Administration’s primary goal is to help the company pay off their debts, thus avoiding entering liquidation - at least in the first instance. Receivership works to realise the assets of a company, to maximise the benefit for the secured creditors. Receivership will usually result in the company also entering liquidation at the same time.
In modern insolvency, receivership shows such a heavy bias to the secured creditor, that they are now only permitted to appoint administrative receivers in relation to floating charges created and registered before 15 September 2003. For charges created after this date, only the administration process may be used with the administrator owing a duty to all creditors, rather than just the secured creditor.
Administration is a favourable alternative to liquidation. A licensed insolvency practitioner is appointed as Administrator for a company facing threats from creditors. The Administrator takes control of the business operations, to act in the best interest of creditors. In entering Administration, a moratorium is also placed around the company to freeze all legal actions.
An Administrator can be appointed by the company directors, the secured creditor or even the company itself. Where receivership will often be terminal for the business, administration is widely viewed as the preferred rescue procedure. Administration typically delivers higher returns to creditors from company assets, and saves jobs where possible. You can find out more about the administration process with our seven key stages infographic.
Receivership differs from Administration, as the latter works to protect companies from their creditors. Whereas, Receivership is initiated by those creditors or banks that believe the business cannot pay its debts. Unlike in administration, directors cannot place their own company into receivership.
The direction the company will eventually follow is, ultimately, decided by the receiver. The receiver will also not often take advice from directors, and will investigate their conduct. However, receivership does not terminate the powers of the directors in relation to the company, but only the charged assets. This means that the directors still can, and usually will, need to place the company into liquidation to deal with any shell of a company.
From a company point of view, there are few benefits to receivership. The business will likely not be rescued as it is, and the assets may be sold on at a reduced price to recoup as much as possible for the creditor, or bank, that appointed the Receiver. The directors may also lose employment, be investigated and unsecured creditors will, most likely, not receive their money back. However, the Receiver can act fast and, if the directors are not found guilty of misconduct, receivership can solve their difficult position and allow them to walk away.

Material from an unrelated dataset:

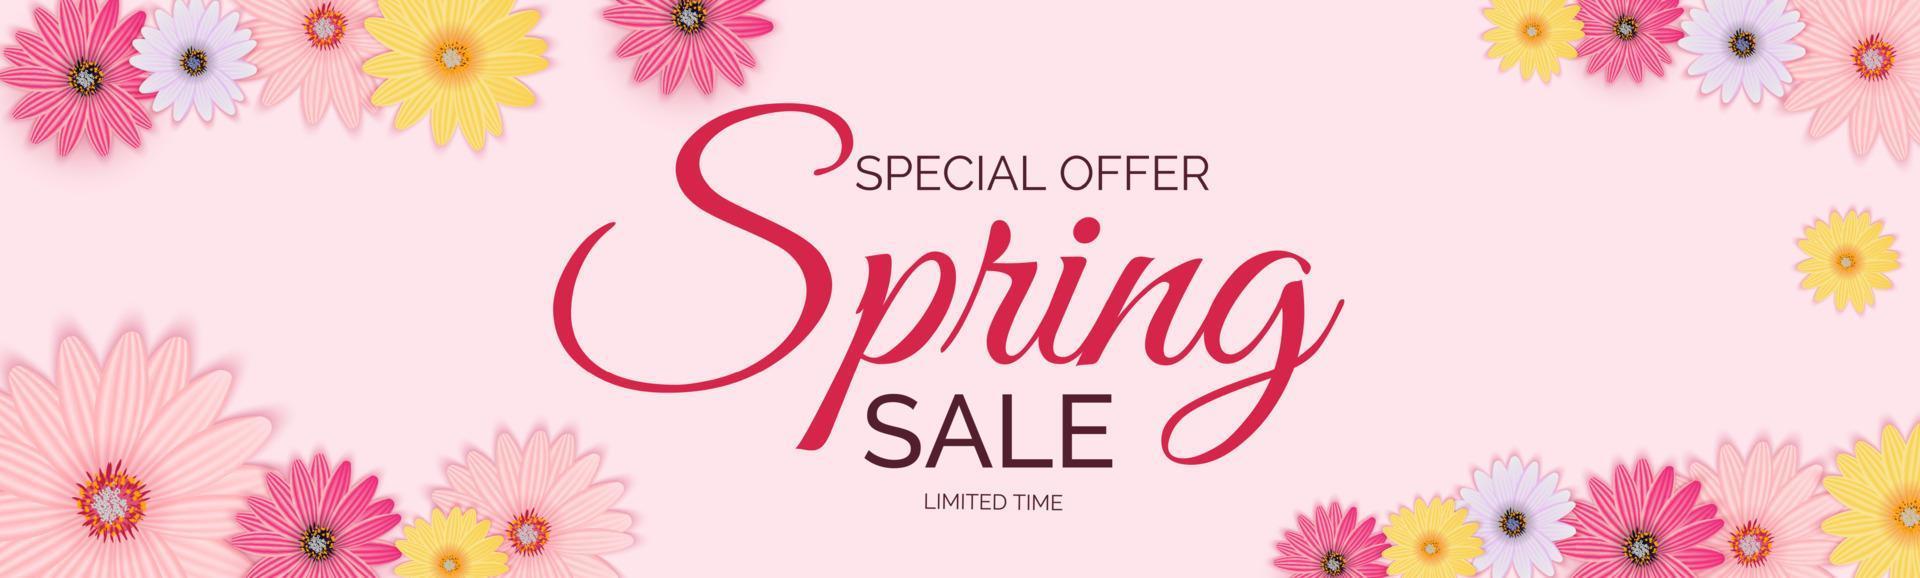 Promotion offer, card for spring sale season vector

On the other hand, there are still options for the company with administration. The appointed Administrator takes control of business operations and details a recovery plan, including paying off the debts (as much as is possible) and looking for opportunities that could save the company. These opportunities could include reviewing whether a company voluntary arrangement is a viable alternative to resolve the situation.
Although it is now seldom available as a remedy, it is important to be aware whether a secured creditor is able to appoint a receiver over your company. Due to the public image of administrative receivership, banks now prefer to appoint Administrators, even if they are able to appoint Receivers. This way, it appears they are still trying to help the business save jobs, rather than taking the company apart to ensure their debt is paid. In truth, it is far more common for a company to enter creditors voluntary liquidation than either of the above processes.